Democrats have raised concerns that Trump is pressuring government health regulators and scientists to pass a rushed vaccine in time to help him on his uphill run for re-election in early November.

“We’re just weeks away from getting it, you know, it could be three weeks, four weeks,” the president said in a public session with voters in Pennsylvania on Tuesday.

But in an implicit blow to Trump’s focus on the US pandemic first, von der Leyen said Europe would support multilateral bodies like the World Health Organization in their attempts at a more equitable implementation.

“None of us will be safe until we are all safe, wherever we live, whatever we have,” he said.

“Vaccine nationalism puts lives at risk. Cooperation on vaccines saves them. “

Going hard and early

The global economy has been devastated by the pandemic, and many nations still maintain restrictions on their populations to contain further outbreaks.

New Zealand was added to the list of economic casualties on Thursday when it reported that it had plunged into recession for the first time in a decade.

The country registered a record contraction of 12.2% for the April-June quarter, which coincided with a strict closure from March to May.

The decline follows a 1.6% contraction in the first three months of 2020, confirming that New Zealand is in recession.

But there was optimism that the stage had been set for a strong recovery.

“Doing everything possible and early means we can come back faster and stronger,” said Finance Minister Grant Robertson.
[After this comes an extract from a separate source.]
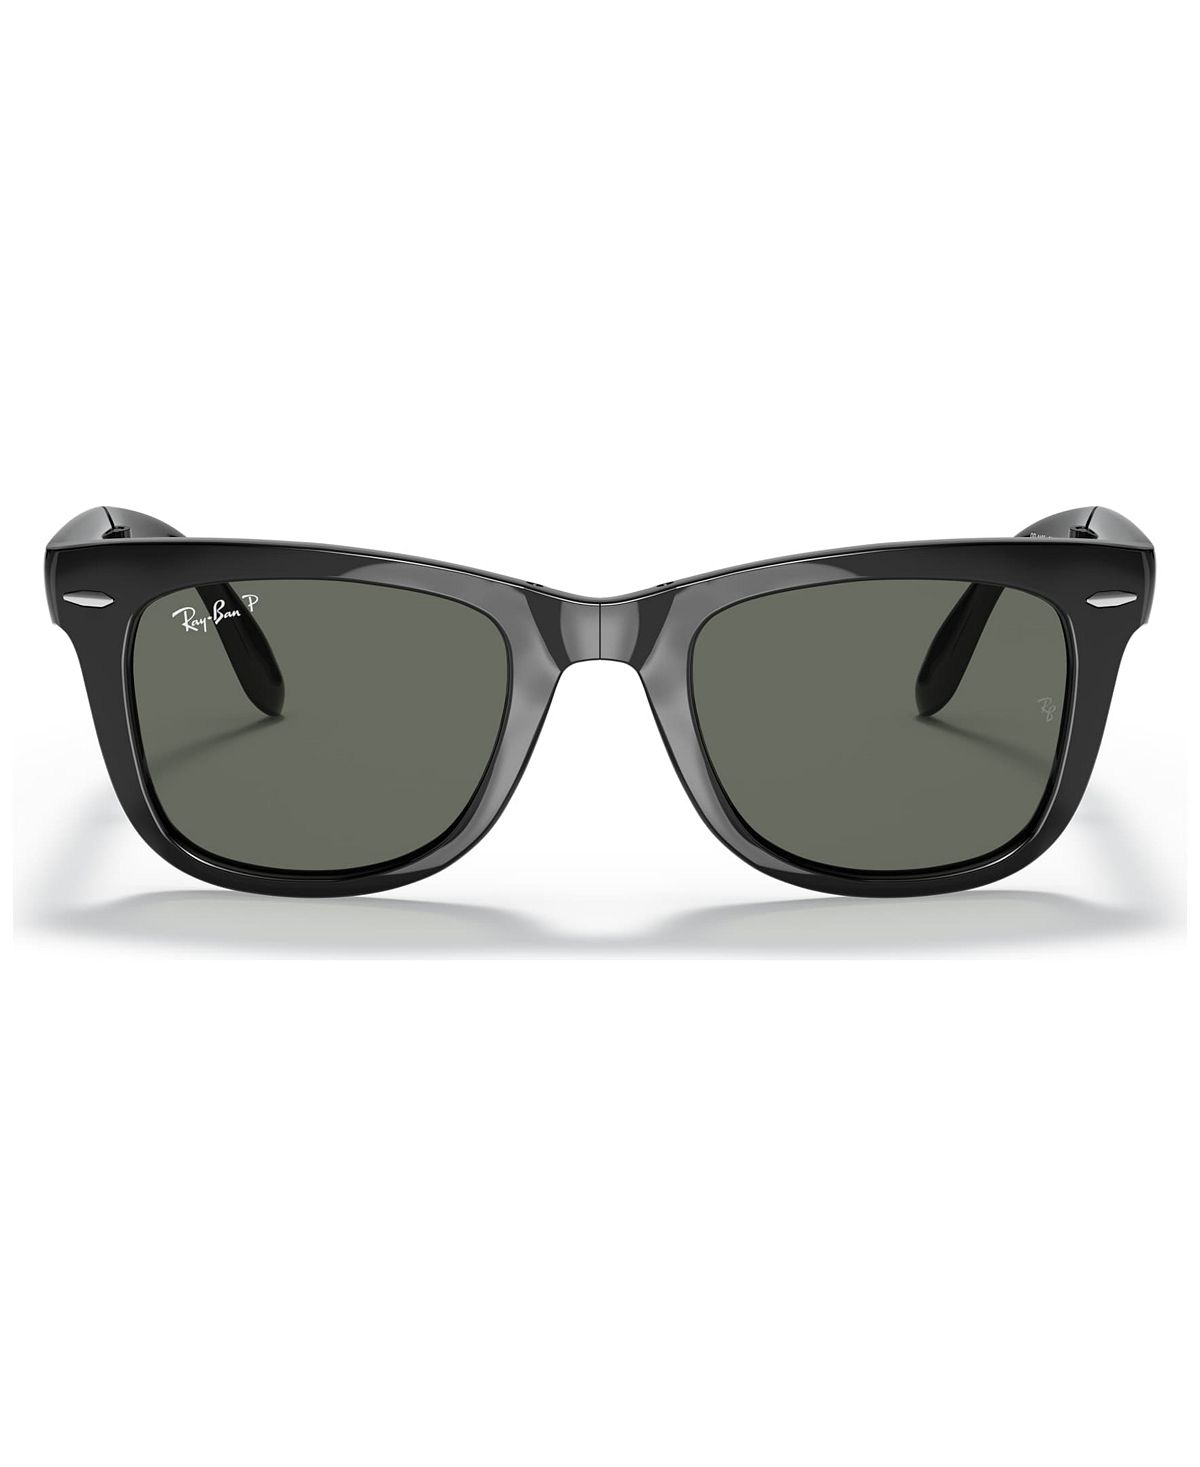 Поляризационные солнцезащитные очки, RB4105 FOLDING WAYFARER Ray-Ban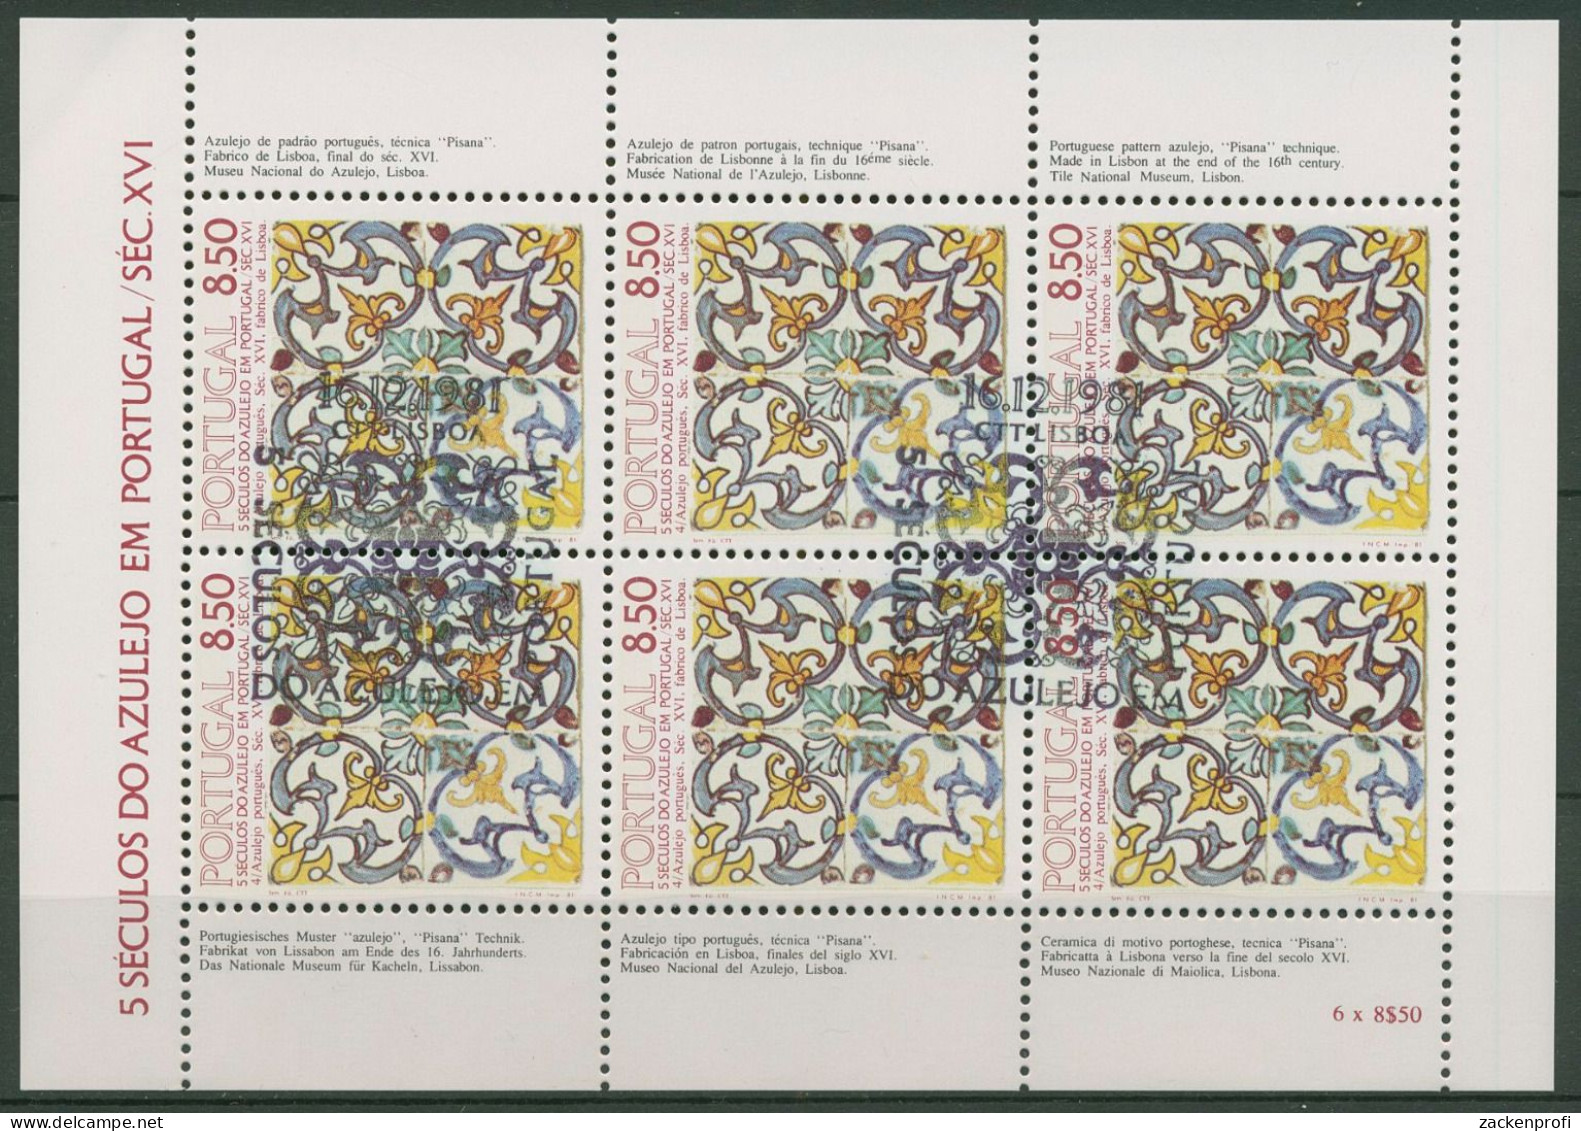 Portugal 1981 500 Jahre Azulejos Kleinbogen 1548 K Gestempelt (C91263) - Blocs-feuillets

“Economists expect the current September quarter to show a record jump back to growth.”

There were also positive signs in South Africa, where authorities announced the reopening of borders to most countries starting next month, as part of a broader loosening of antivirus restrictions as infection figures improve.

Africa’s most industrialized economy closed its borders at the beginning of a strict national lockdown in late March.

The number of new infections has dropped from an average of 12,000 a day in July to less than 2,000 in recent days.

President Cyril Ramaphosa said in an address to the nation that international travel would resume “gradually and cautiously” starting October 1.

“We have weathered the coronavirus storm,” he said.